[Exercise description]:
The answer should be the exact lines from the line containing "280 Page MARINE" through the last line of the material below, with no pictures.

[Material provided]:
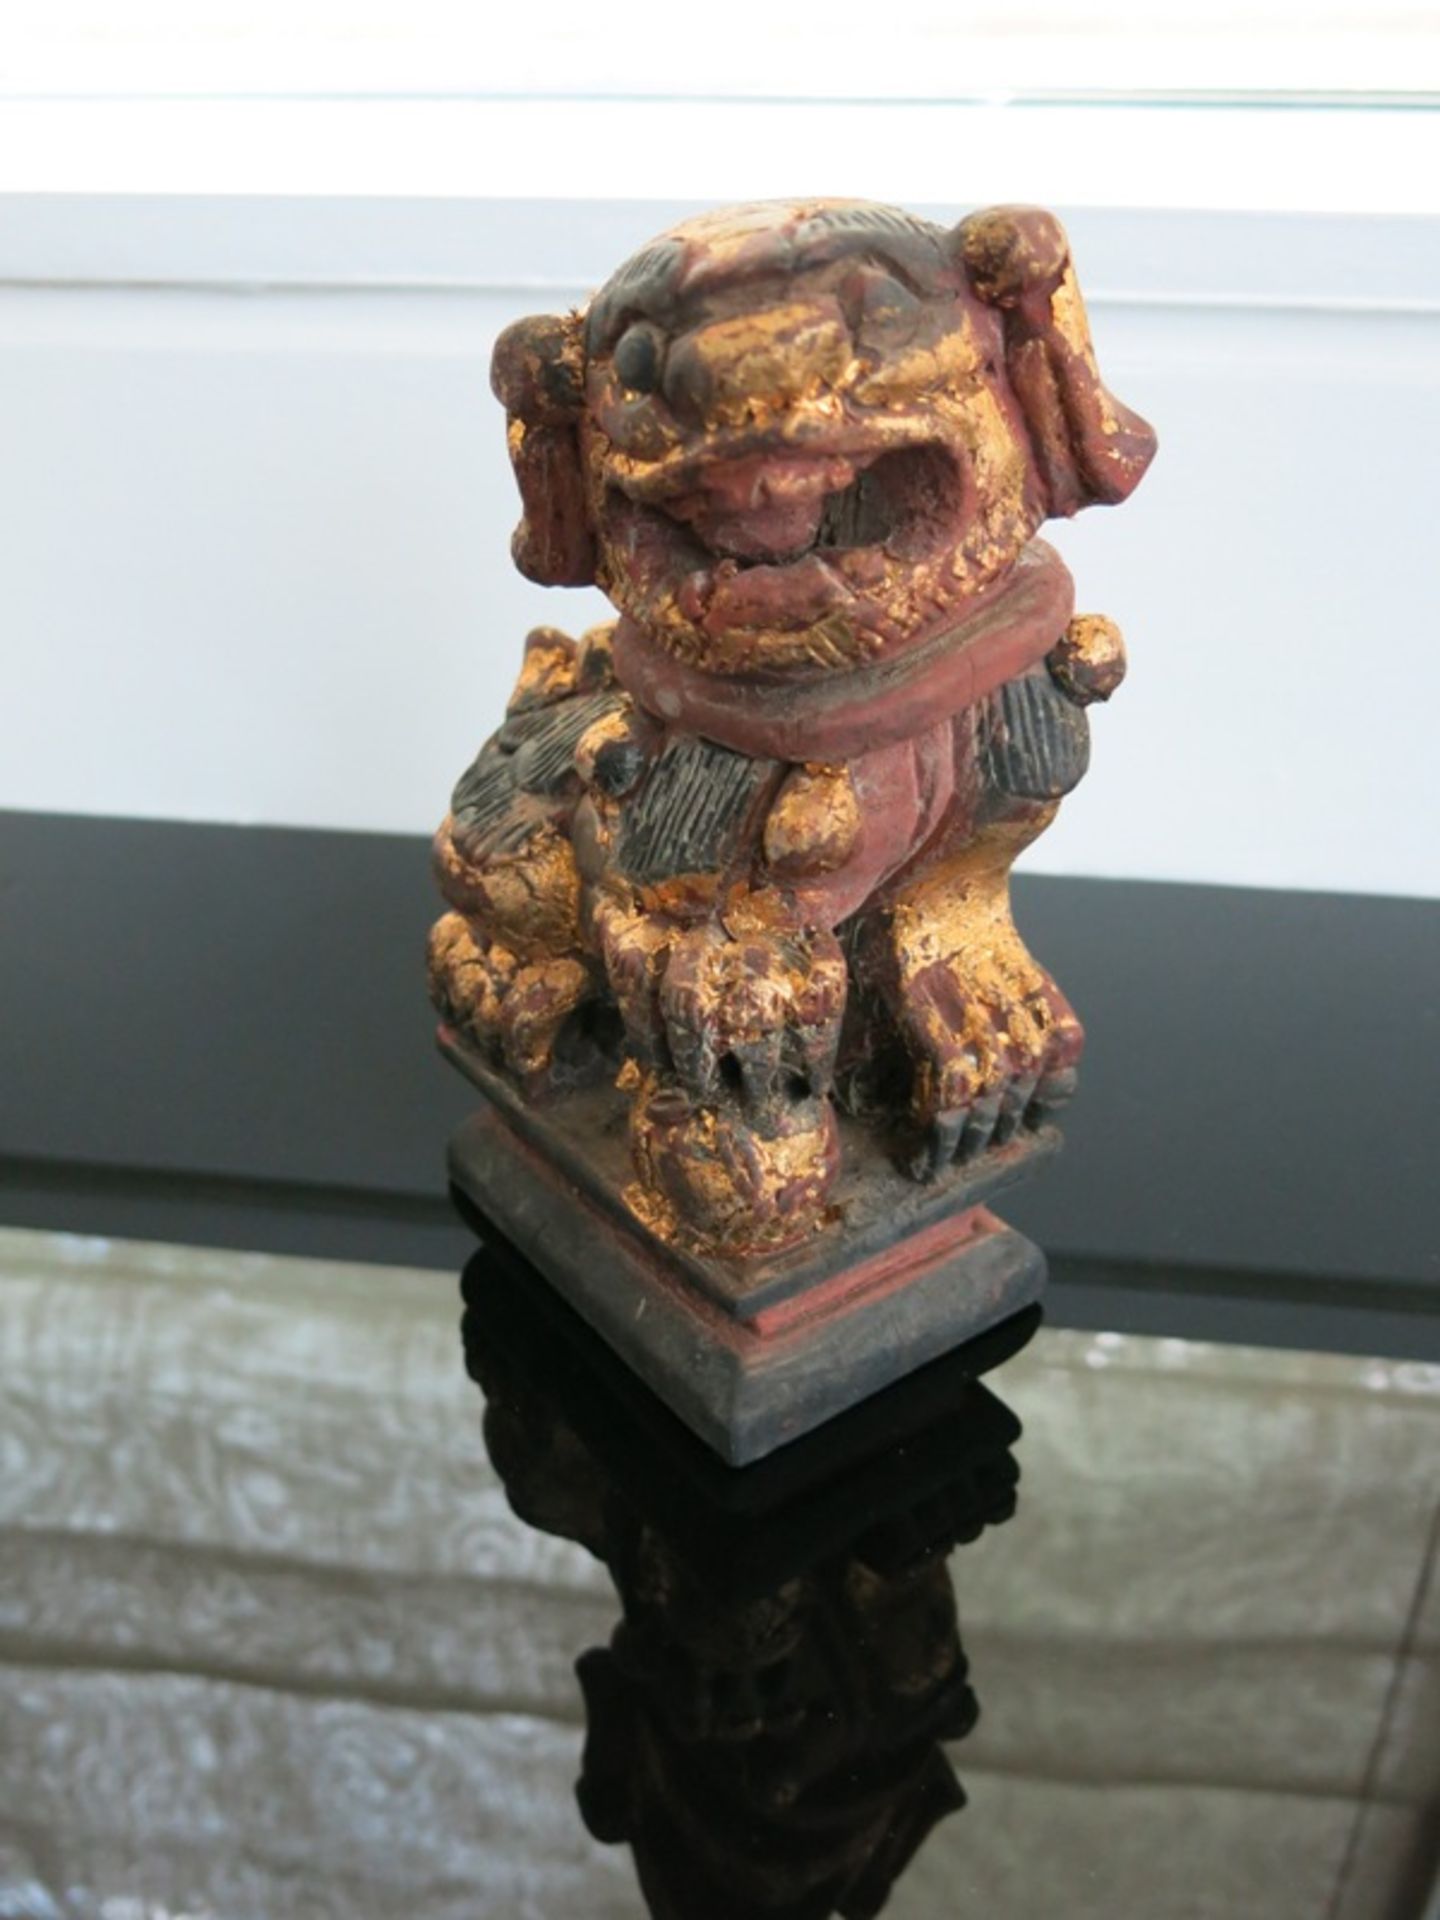 Pair of Wooden Chinese Ornamental Lions in Carved Wooden Box. "Chinese Good Luck Gift" - Image 3 of 9
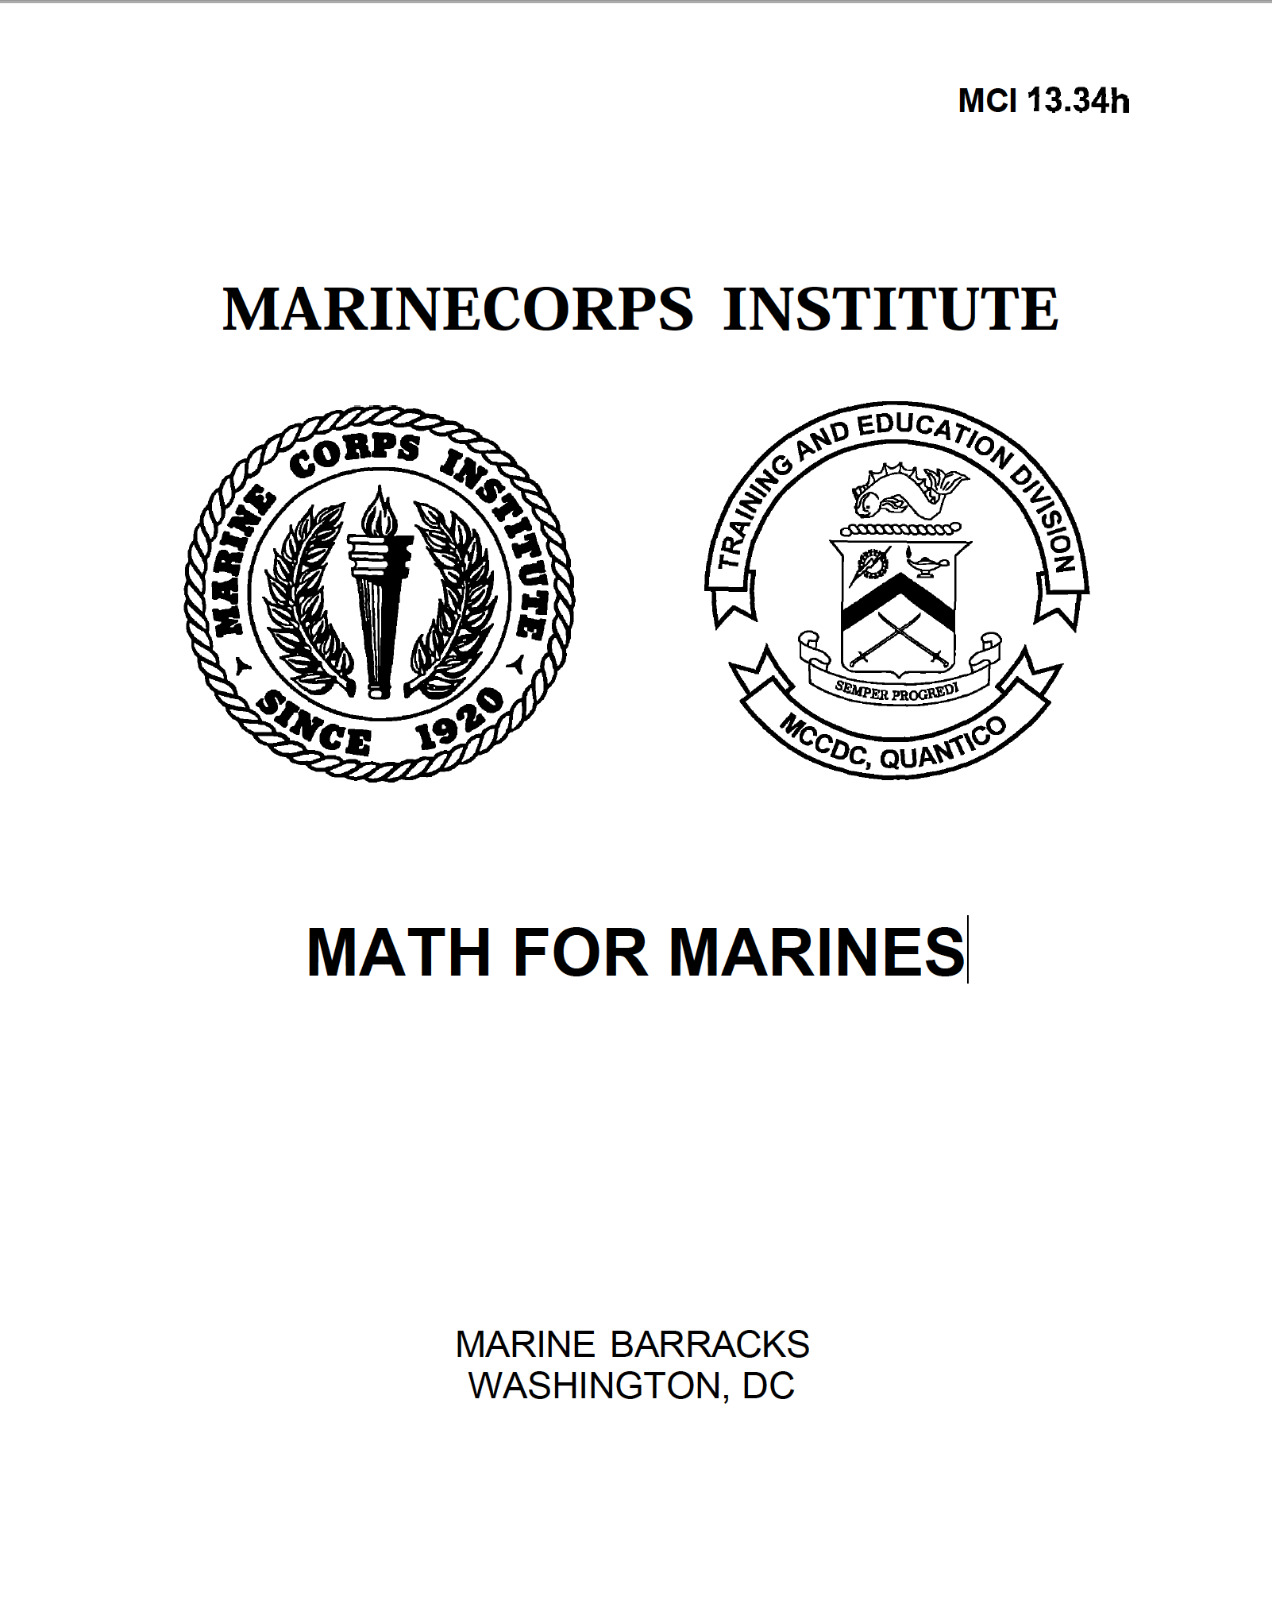 280 Page MARINE CORPS INSTITUTE MATH FOR MARINES Mathematics Manual on CD
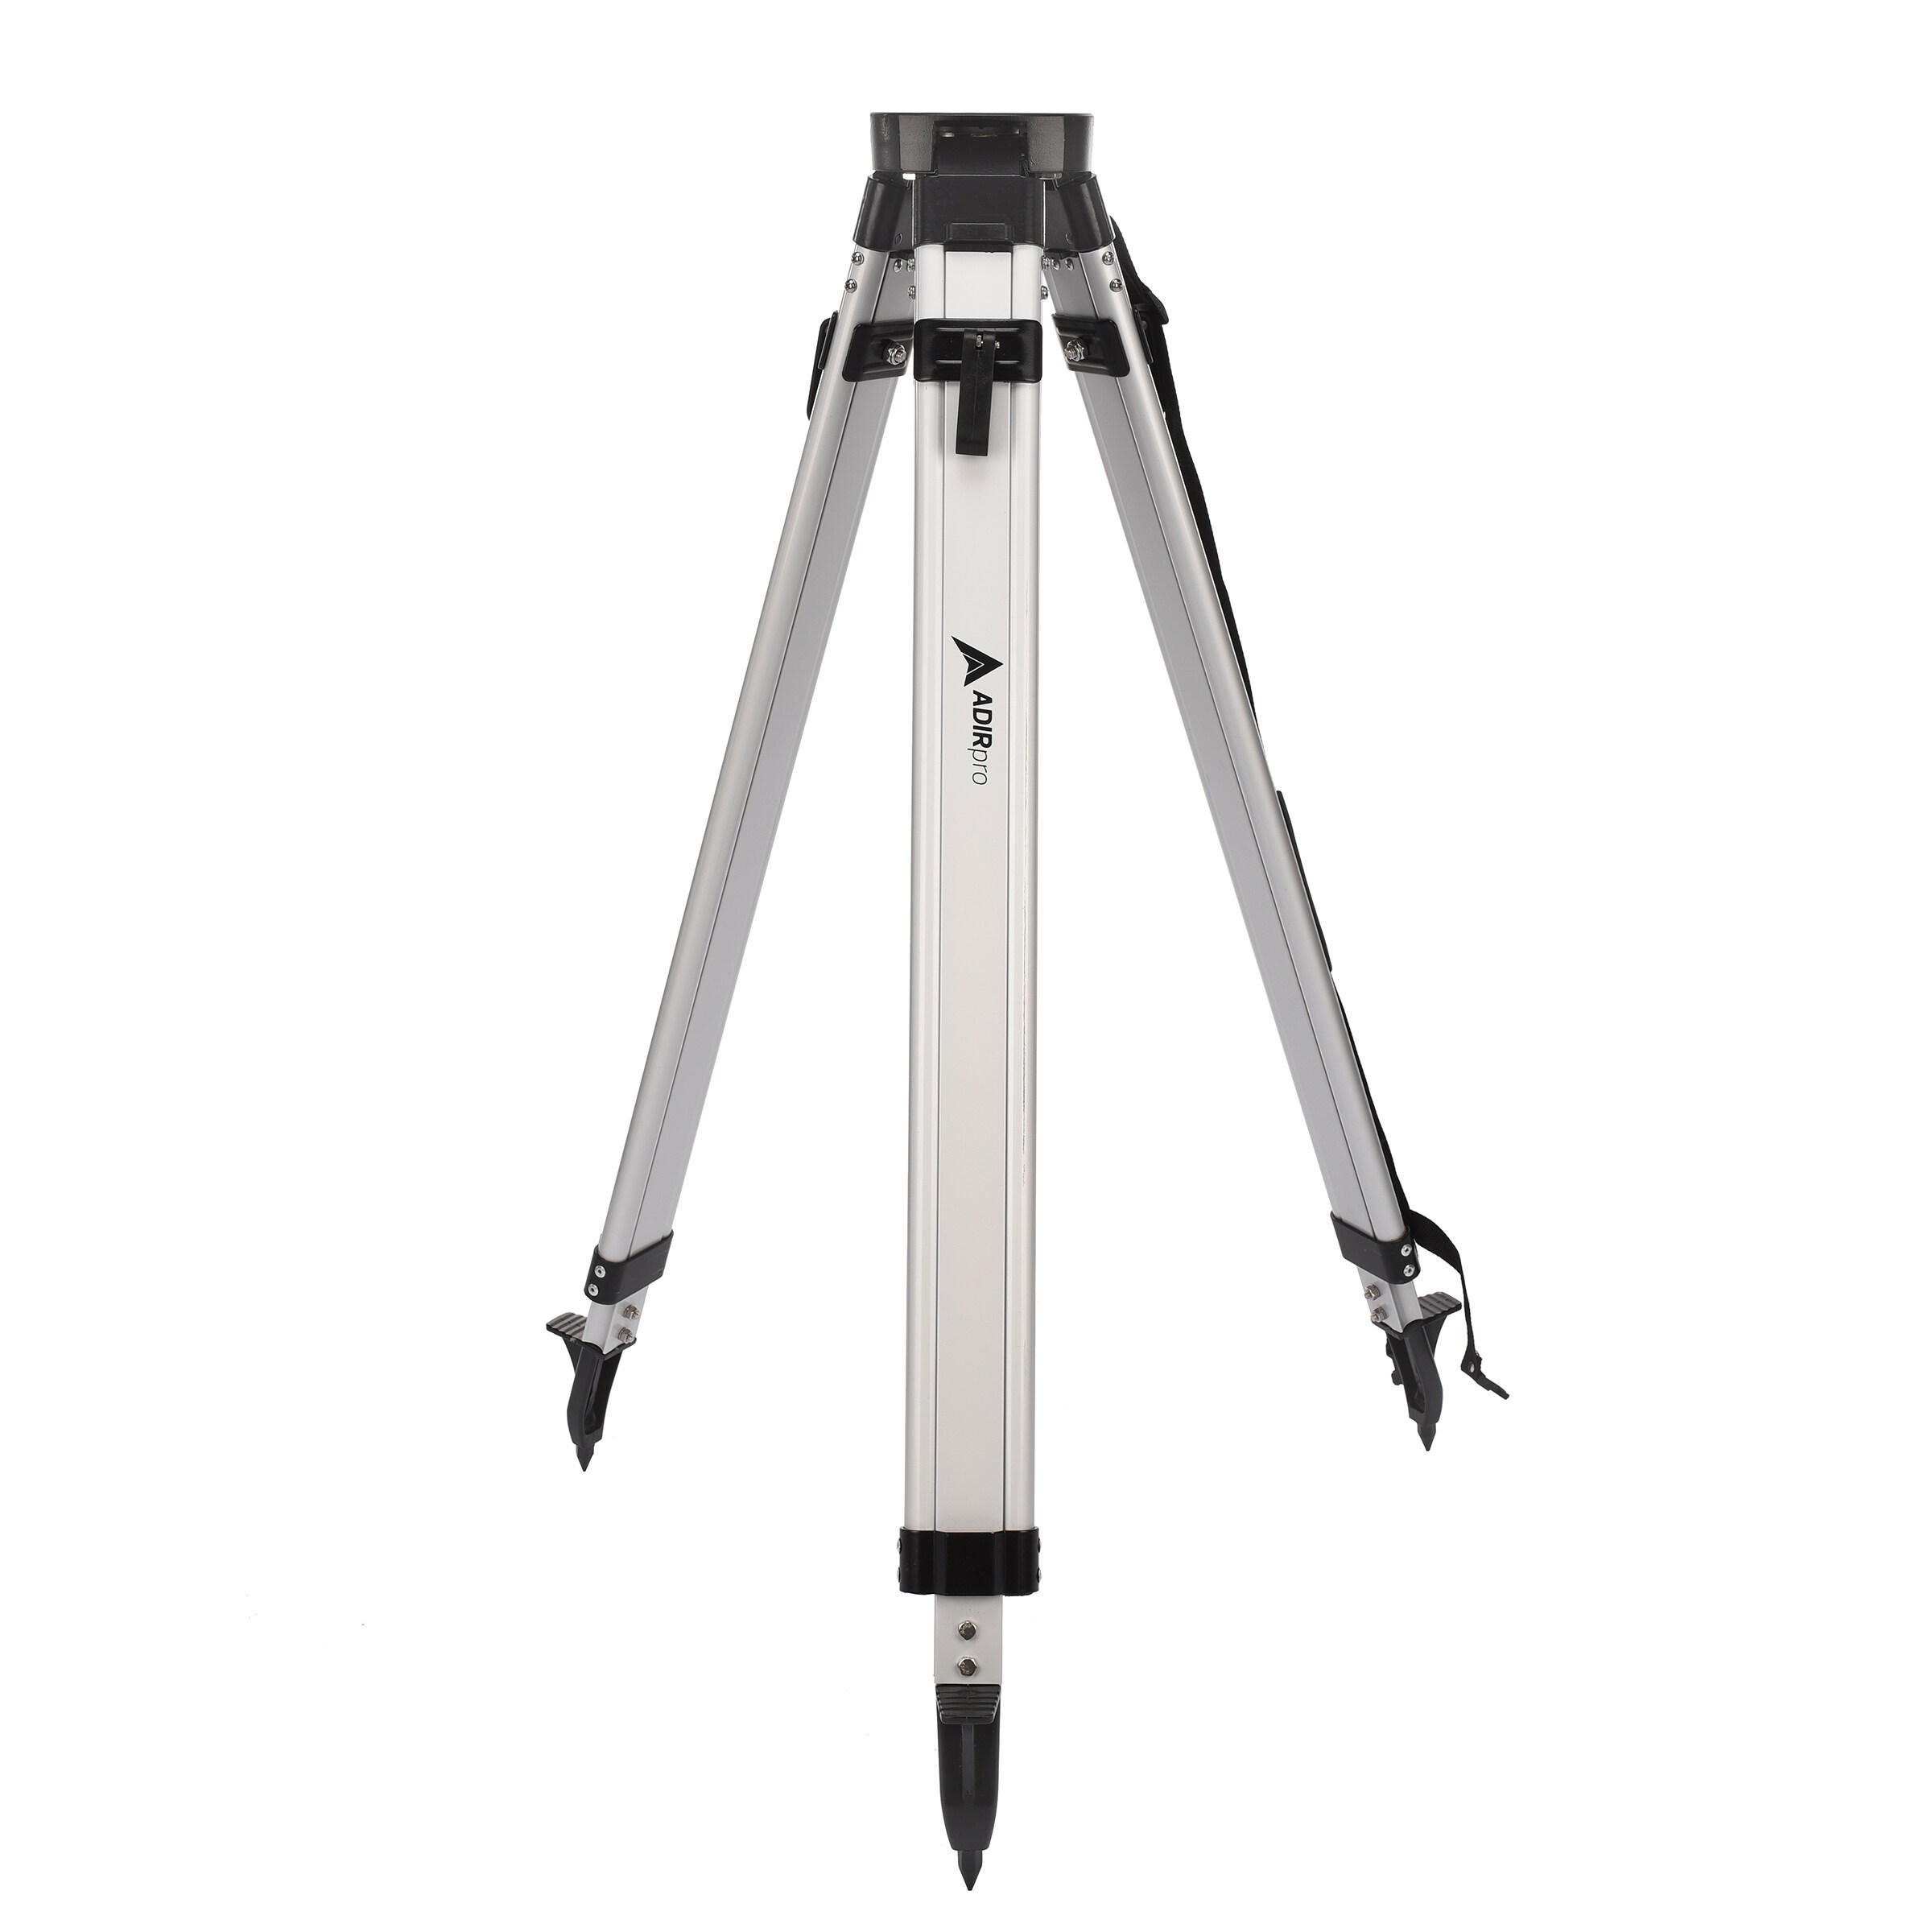 USED LEICA EXTRA TALL HEAVY DUTY ALUMINUM TRIPOD WITH CRATE

[Answer space]:
 280 Page MARINE CORPS INSTITUTE MATH FOR MARINES Mathematics Manual on CD
 USED LEICA EXTRA TALL HEAVY DUTY ALUMINUM TRIPOD WITH CRATE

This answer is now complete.